Сколько он плавал в снегу - час, два? .. Во всяком случае, добравшись до пригорка и усевшись на чемодан передохнуть, он уже не чаял переночевать сегодня под крышей. И вдруг услышал странные, чавкающие всхлипы. Он повернулся и тотчас уперся руками в бревна. Сарай!.. Он не поверил своим ушам: оттуда неслись успокоительные звуки- мерное дыхание, хруп и возня.
- Ну, банда, цыть!.. Пошла, подлая!.. - раздался густой мальчишеский басок.
Из сарая тянулось тонкое позвякивание молочных струй о ведро. Там доили корову. Юртайкин обогнул сарай, оббил с себя снег и пошел в семи низкой избы, но самые окна занесенной снегом.
- Здравствуйте, люди добрые! - объявил он с порога, открыв двери и никого не увидев.
На печке послышались возня, вниз свесилась заспанная женская голова с растрепанными полосами.
- Заходите, - сказала женщина.
- Что, не рады незваному гостю?
Женщина криво усмехнулась.
Юртайкин стал подробно объяснять, как заблудился. Женщина выслушала его без удивления и не сделала попытки сойти.
- Скоро хозяин придет, - сказала она и, помолчав, добавила: - Захворала я, извиняйте…
В избу с шумом ввалился мальчишка - рослый, с румянцем во всю щеку, с подойником в руке. Он поставил его на скамейку, оглядел пришельца сияющими глазами и спросил:
- Это кто, мам?
- Пойди отца позови. К нему, чай.
Мальчишка захлопнул двери, мать отвернулась к стене и больше не поворачивалась к гостю - то ли от безразличия, то ли от полного к нему доверия.
Глеб напился воды, закурил и повеселевшими глазами стал рассматривать комнату, в которой, помимо печи, были еще стол и полати, застланные одеялами и подушками. На стене висела картина, порванная в нескольких местах, изображавшая замок над озером и девушку, кормившую с берега лебедей. На столе трещала лампа-трехлинейка.

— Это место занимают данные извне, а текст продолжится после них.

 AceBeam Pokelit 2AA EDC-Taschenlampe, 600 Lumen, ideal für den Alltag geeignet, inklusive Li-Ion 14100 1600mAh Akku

Под скамейкой мокло что-то в корыте, издавая кислый запах.
- Тут, Сазон, до тебя человек пришел, - сказала хозяйка.
- Здравствуйте, - сказал Сазон и пожал Юртайкину руку, настороженно приглядываясь к нему. - Какое же дело до меня, извиняйте?
Однако Юртайкин не сразу ответил. Он достал пачку папирос и протянул хозяину.
- А у вас взамен махорочки не найдется? - спросил он.
Махорка нашлась. Юртайкин сладко затянулся и только тогда с оживлением повторил то, что рассказал уже хозяйке. Сазон крутил в пальцах папиросу, кивая головой, напряженно улыбался.
- Вы, может, сомневаетесь? - Юртайкин сделал движение, чтобы достать командировочное удостоверение, но Сазон махнул рукой - чего там!
- Не обидите, чай. Снимайте с себя обувку, а я вам валенцы дам. Чего бы нам, Марья, пообедать?
Хозяйка, кряхтя, сползла с печи, но сын опередил ее, сноровисто и быстро вынул из печи чугунок со щами.
- Седайте! - сказал Сазон. Он вышел в сени и вернулся с бутылкой мутновато-зеленой жидкости. - Хворая она, - кивнул он на жену. - Сами здесь и хозяйствуем. Не выпьешь с нами, мать? - спросил он, разливая по стаканам.
Хозяйка придвинулась к столу как-то боком, выпила, ничем не закусив, и присела поодаль, страдальчески закрыв глаза.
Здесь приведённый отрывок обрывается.